The Reinforcement Learning Problem
The Reinforcement Learning Problem¶
Please note that this notebook is still work in progress, hence some sections could behave unexpectedly, or provide incorrect information.
Reinforcement Learning (RL) is an area of Machine Learning concerned with deciding on a sequence of actions in an unknown environment in order to maximize cumulative reward.
To give an idea of this, imagine you are somewhere in a 2d-maze. At each point, you can either move to the left, right, up or down. The goal is to find your way out of the maze. This corresponds to obtaining positive reward when completing the maze. Using Reinforcement Learning, you can figure out the optimal way to behave in this environment.
The Reinforcement Learning Problem¶
What makes reinforcement learning different from other machine learning paradigms?
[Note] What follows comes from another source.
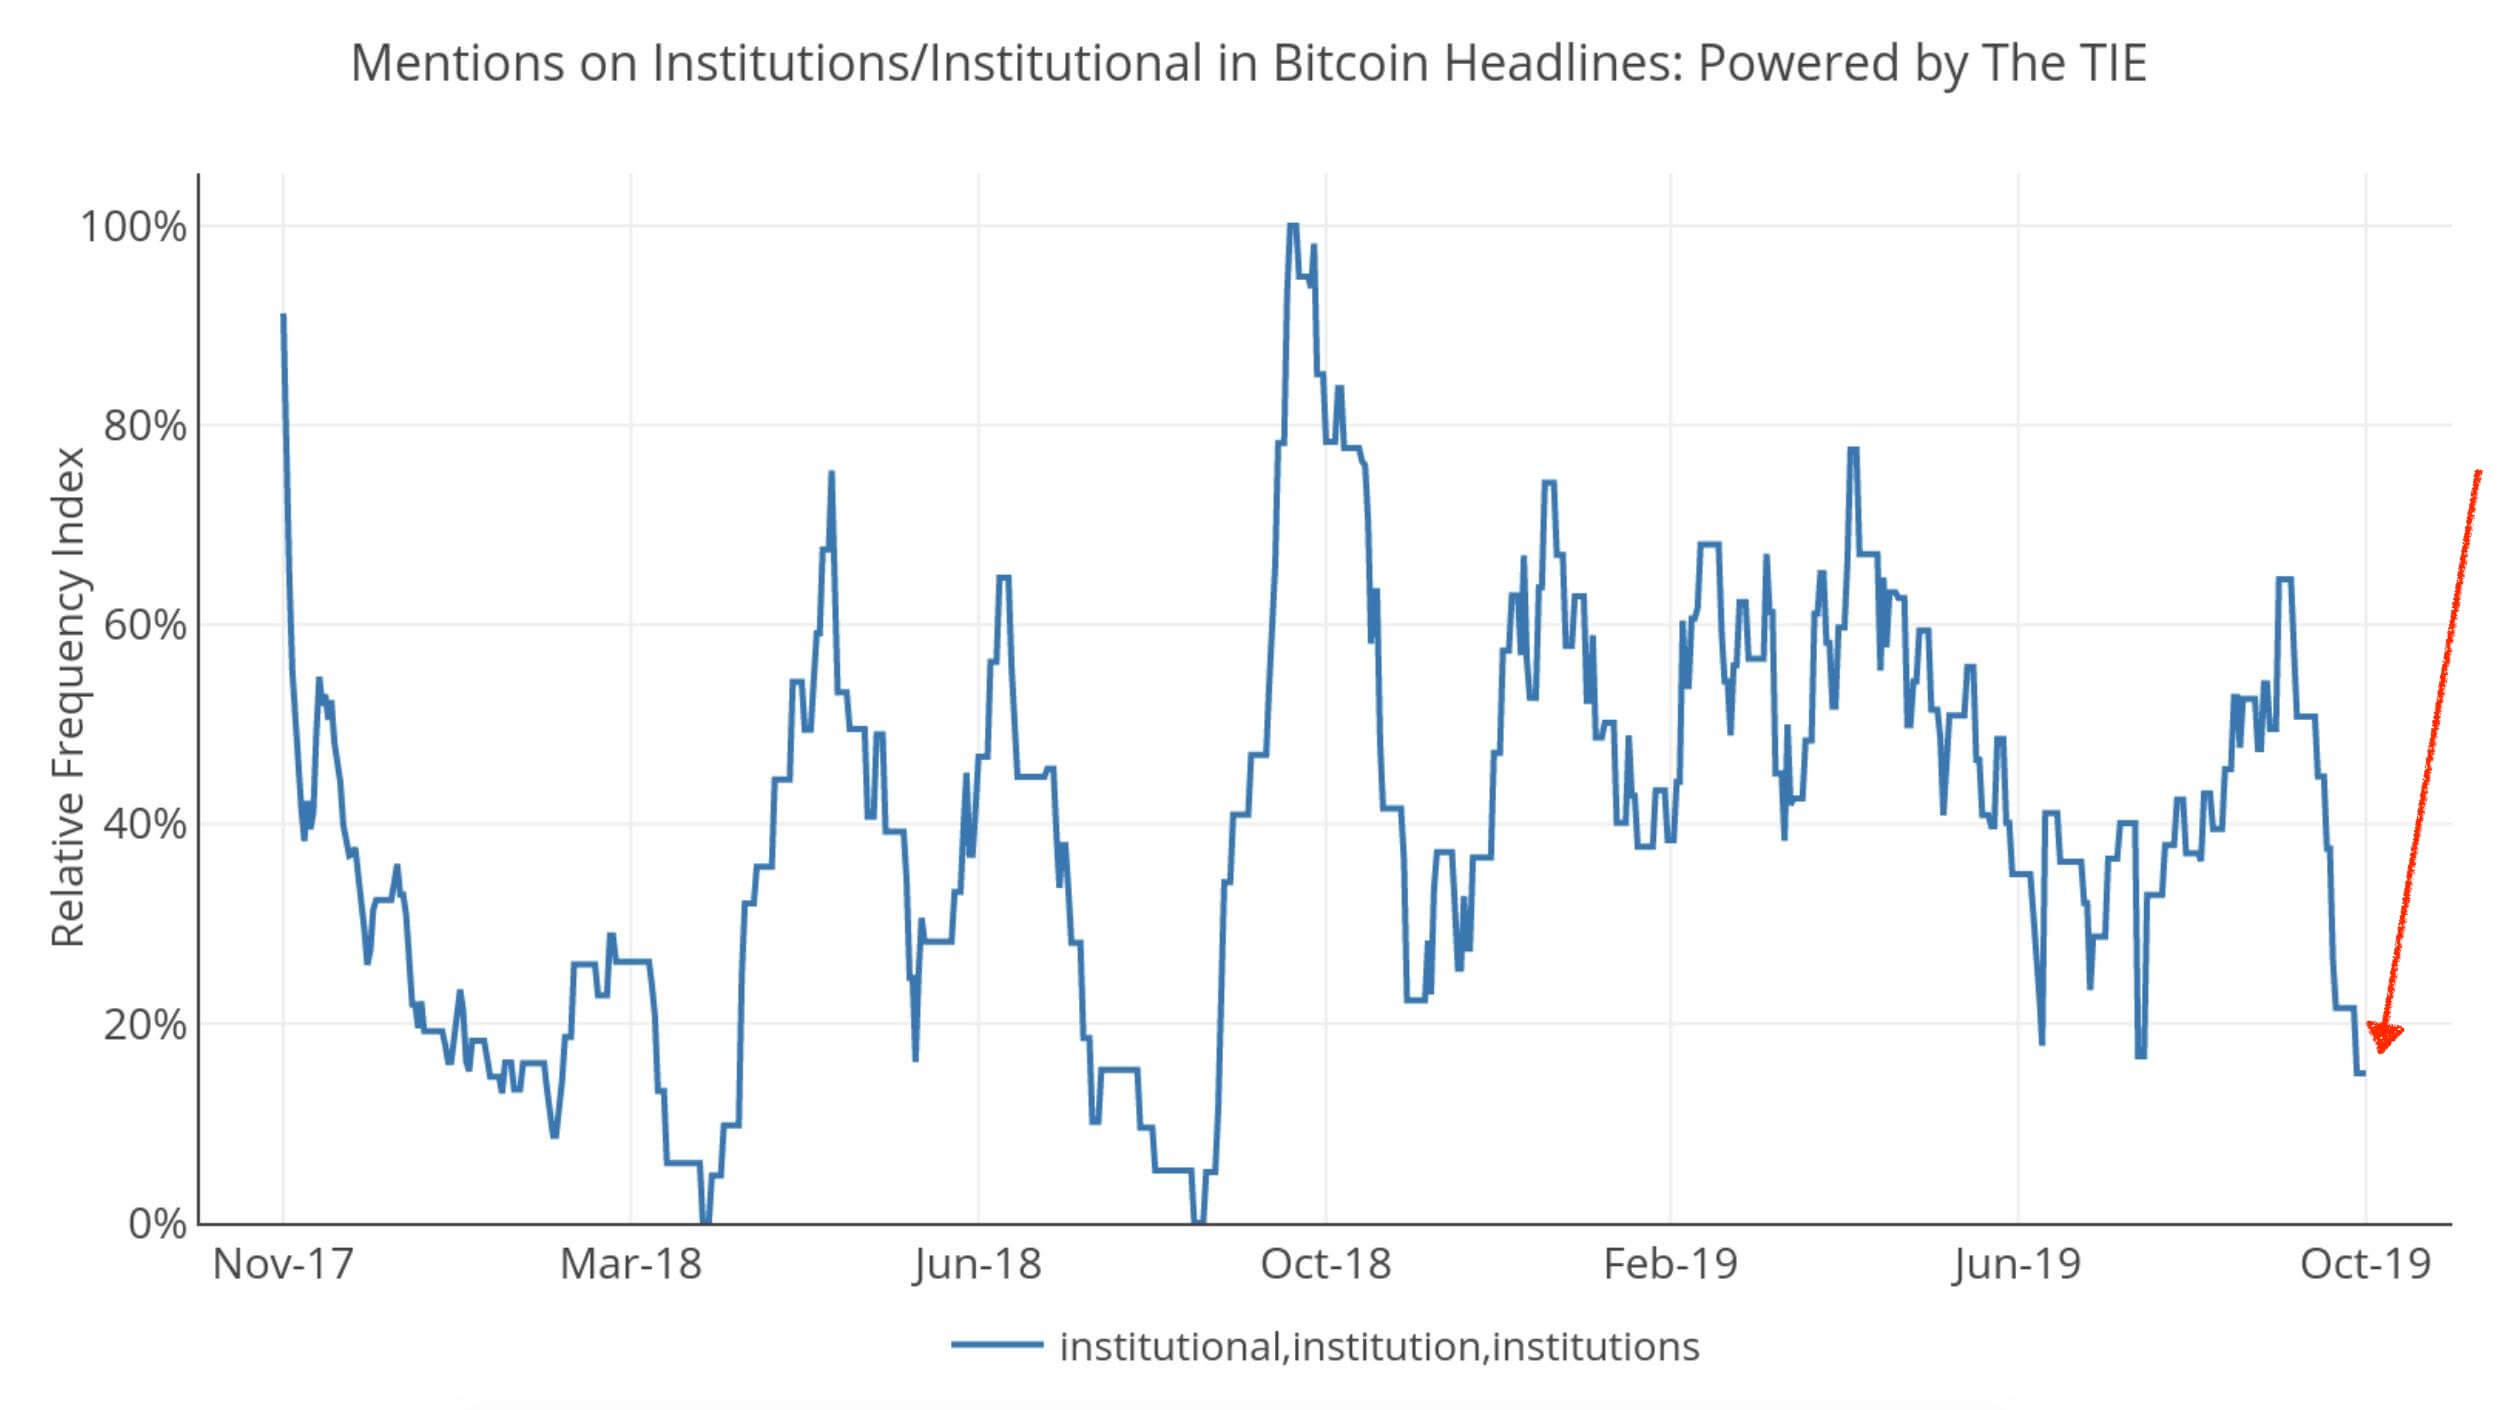 Об интересе институциональных инвесторов к Биткоину вспоминают всё реже. Показатель находится на минимуме за 2019 год. Источник: Твиттер. Фото.
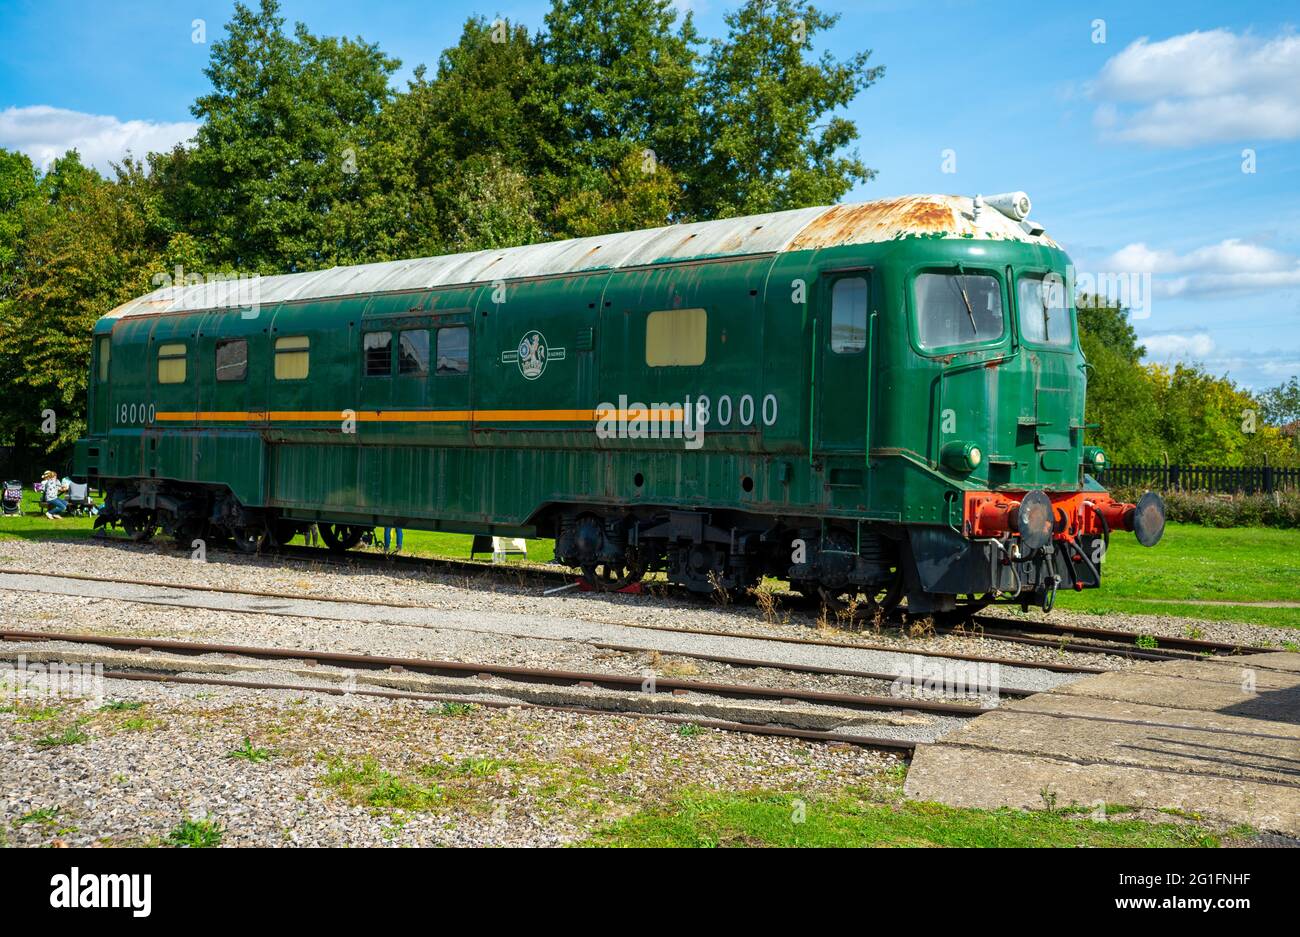 British Railways vintage diesel locomotive train Stock Photo

There is no supervisor, only a reward signal
Feedback is delayed, not instantaneous
Time really matters (sequential, non i.i.d. data)
Agent’s actions affect the subsequent data it receives
Definition 1
The Reward Hypothesis states that all imaginable goals can be described by the maximization of an expected cumulative reward function.
Rewards function as scalar feedback signals. Reinforcement Learning is based on the Reward Hypothesis, which has been assumed to be true. Some problems can be difficult to solve, since actions can have long-term consequences and reward can be delayed.
Example 1
Imagine our goal is to train the best computer program at chess. What could a good reward function be defined as?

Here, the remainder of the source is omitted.